Just making an official, long-term hiatus. I haven't been very active this whole year, with online art or even drawing other than the occasional doodle. Truth is, I have a combination of major art block, AP stuff (which is now over), and a shift in interest from art to reading/writing/programming. I don't have much interest in art anymore. If I get inspiration, I might finish it and post it online, but that's unlikely.
(extended, personal information that you don't have to read)

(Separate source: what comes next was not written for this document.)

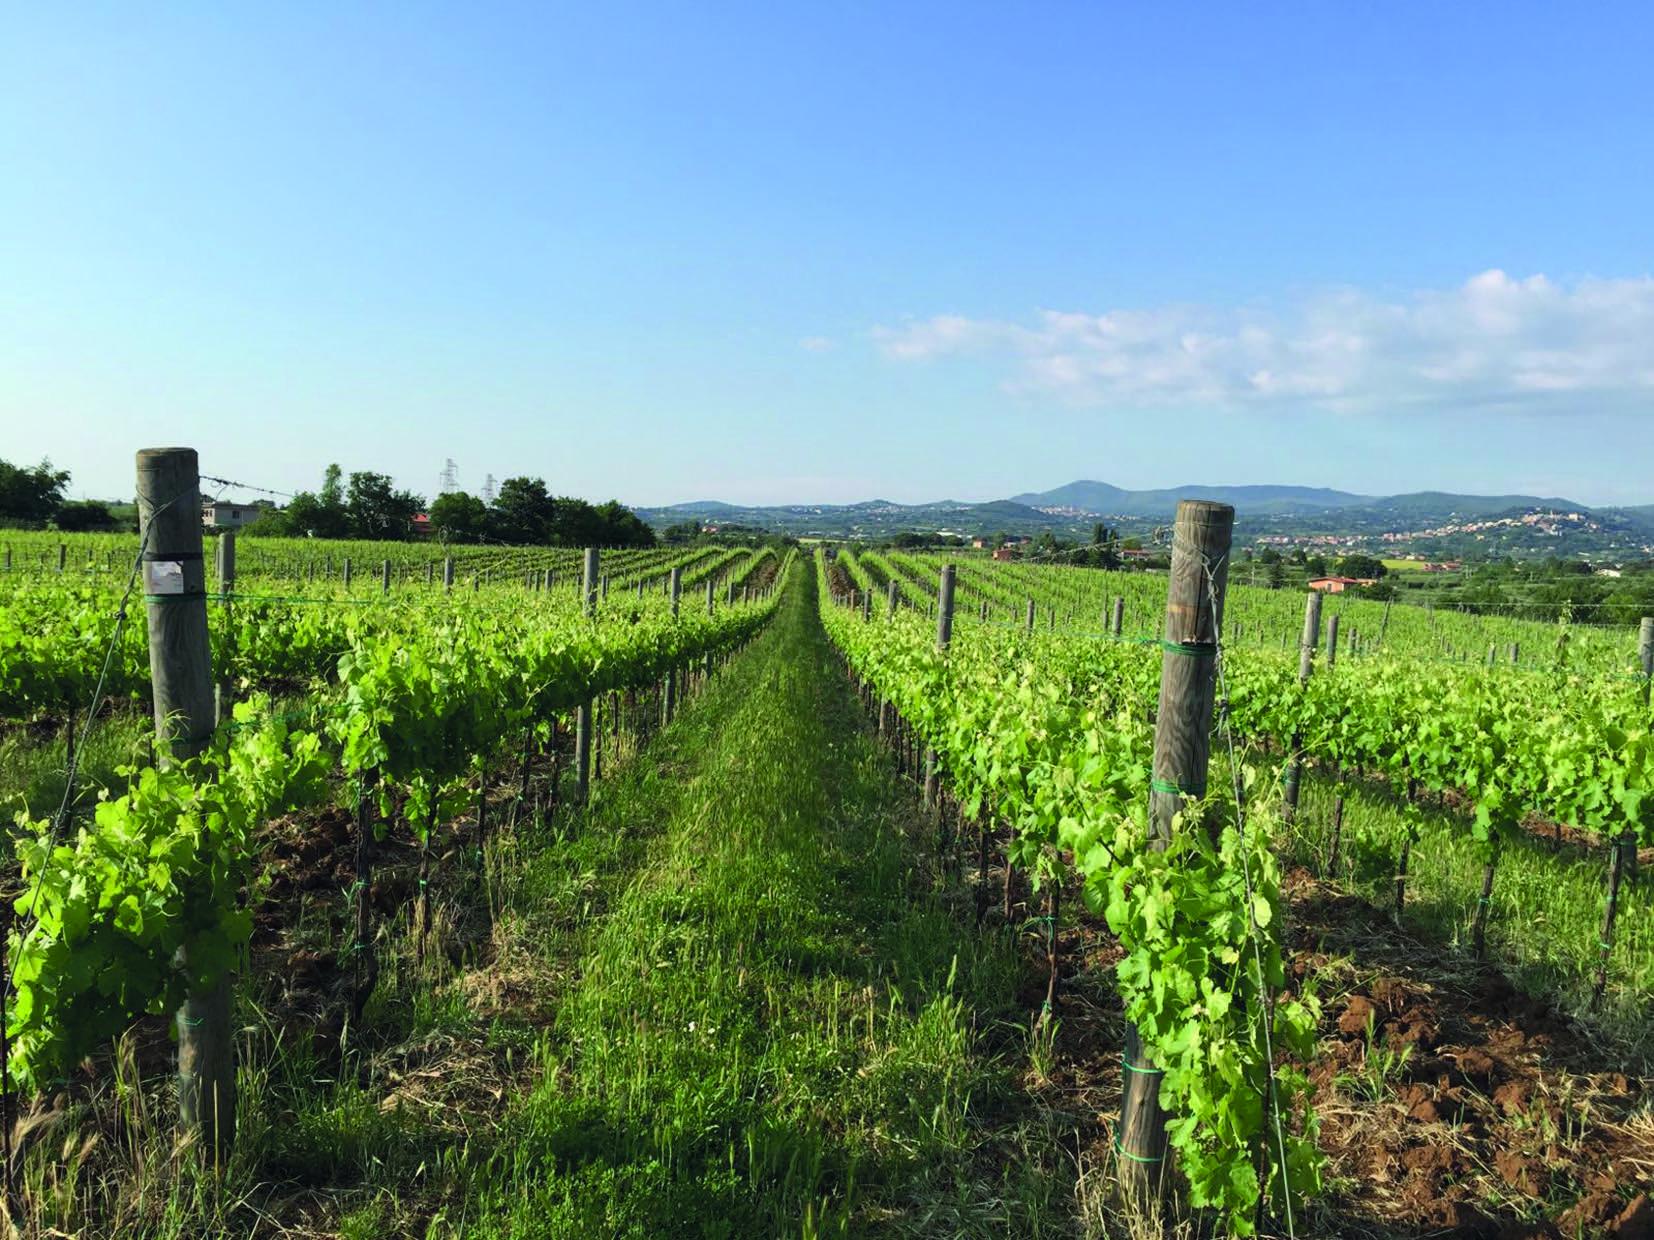 Cantinamena bagno alcione forte dei marmi sabato 15 luglio 2017 god save the wine - Bagno flora forte dei marmi ...

Additionally, my online life and my "real" life have sort of an inverse relationship, so as I become more active with my RL friends and the like I become much less active online. I've abandoned most sites I go to without a trace (online forums such as MWC, here) and basically only go on tumblr, where I'm not really an "active" person (as in interacting with other people online). I mostly lurk now, but I'm fine with it. The internet served as a place where I could go when I didn't feel like I was being myself around my friends, but now that I'm more comfortable IRL I don't need internet interaction as much. I'm still online a ton, but it's more of research/reading than interaction. And, bittersweetly, I've found more happiness in real life than I have online in years. It's sort of a weird twist; I use to have to watch whatever I said irl, editing what I thought and not speaking my mind and the like, and the internet was where I could speak freely, but now on the internet I feel the need to make sure my words connote exactly what I'm trying to say and I have to watch my language and, in real life, I can speak sporadically and without censure. It's hindered my ability to interact online, really.
That was really convoluted. Welp.
(end of personal information)
So, thanks for the memories, guys, I mean it, you're the best, but I really won't be going on here as much, if at all. I suppose this is sort of a goodbye. Ha, years ago I would have made a big deal out of this... but, after my shrinking interaction, it would be ironic to do that now, not to mention (at least now) out of character.